CITY WHISPERS: Greggs gets a buy rating on shares… and its pizza

CITY WHISPERS: Greggs gets a buy rating on shares… and its pizza, which ‘represents strong value for money’

Greggs will reveal just how much the rising cost of ingredients is eating into profits and – crucially for Britain’s pastry lovers – whether the prices of its baked goods will have to rise too when it reports its annual results on Tuesday.

City forecasters reckon revenues rose by a fifth or so last year, but that profits stayed virtually flat.

Analysts at one firm, however, seized the chance to do their own quality control check on Greggs’ new takeaway dishes, sold through JustEat. 

Fast food: City forecasters reckon revenues rose by a fifth or so last year

Fast food: City forecasters reckon revenues rose by a fifth or so last year

Jefferies brokers sampled the ‘Pizza Box, Large Wedges & 2 Drinks’ sharing deal at their offices, which according to a recent note ‘went down a treat’ and ‘represented strong value for money’ at £10.70 plus 50p service charge.

Along with a candid snap of the takeaway, analysts reiterated their ‘buy’ rating on the budget baker’s shares – or is that on their dinners?

Virgin UK boss wants Best for Britain

Who should pop up as a signatory on the latest release from pro-EU campaign group Best for Britain than Peter Norris, chairman of Virgin UK. 

He may now rank among the Remain-ocracy with the likes of Dragons’ Den hotshot Deborah Meaden and former BT chairman Sir Mike Rake. 

But older readers will remember him as the boss of Barings when rogue trader Nick Leeson destroyed the centuries-old bank. 

Norris was subsequently banned for holding any directorships for four years. 

But the world turns – and we believe in second chances.
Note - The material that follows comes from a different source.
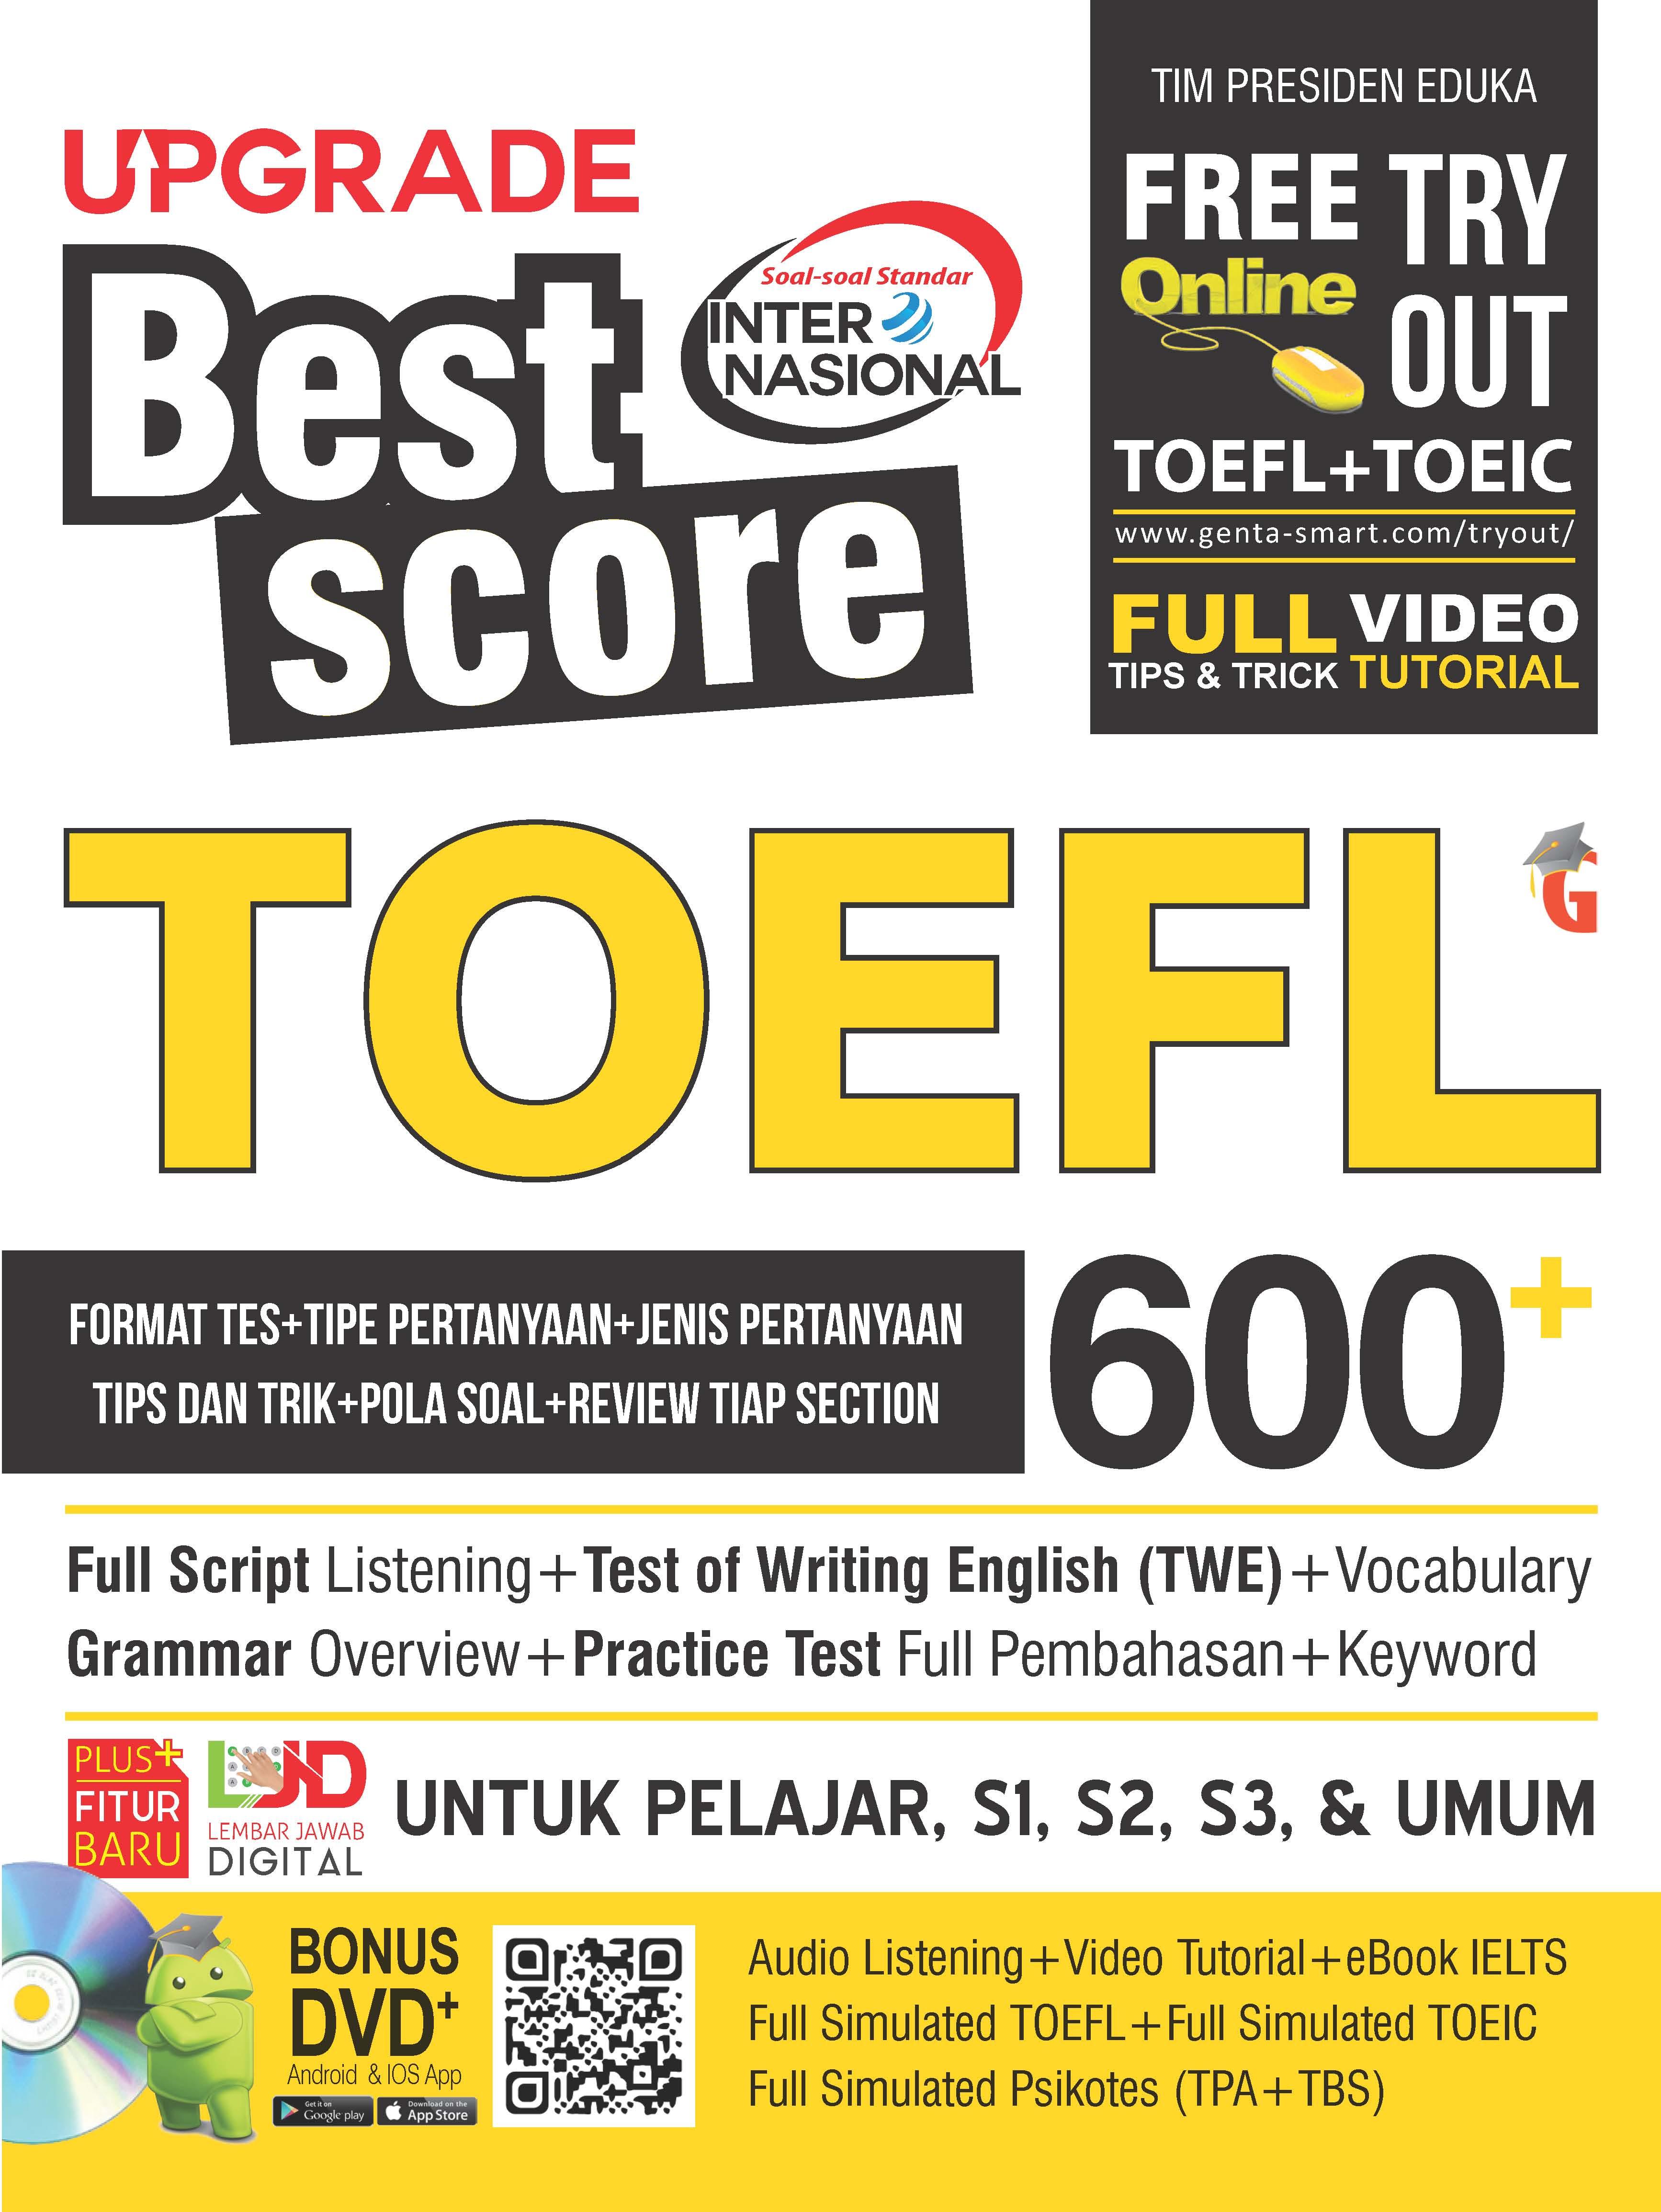 Upgrade best score TOEFL 600+ [sumber elektronis]

Schreyer puts pedal to the metal at Go-Ahead

Go-Ahead boss Christian Schreyer certainly put the pedal to the metal in his first nine months at the transport group. 

The German took home a pay packet of £976,000 in the year to July 2022, according to the latest annual report, including 98.2 per cent of his possible performance-related bonus.

As well as being linked to humdrum measures such as profits, it included starting train operations in Bavaria, which is incidentally where he went to university.

The 55-year-old is a keen cyclist, but perhaps he could use some of his bumper pay packet to take advantage of UK single bus fares outside of London being capped at £2 until the end of June.

There’s never a bad time for a staycation, Christian.

Serbian boost for Rio Tinto? 

Rio Tinto suffered a big setback last year when Serbian officials revoked the mining licences for a huge lithium project.

The decision by the government – which was gearing up for an election at the time – followed environmental protests which drew support from Serbia’s native tennis whizz Novak Djokovic.

The Jadar mine received scant mention in the FTSE 100 miner’s recent annual report and results. 

What was there was mostly limited to saying Rio Tinto was in talks with ‘all stakeholders’ to get the project going again.

But are things looking up in Belgrade? US engineer Bechtel recently listed a series of job ads for roles such as ‘mine shaft access specialist’… at none other than the Jadar mine.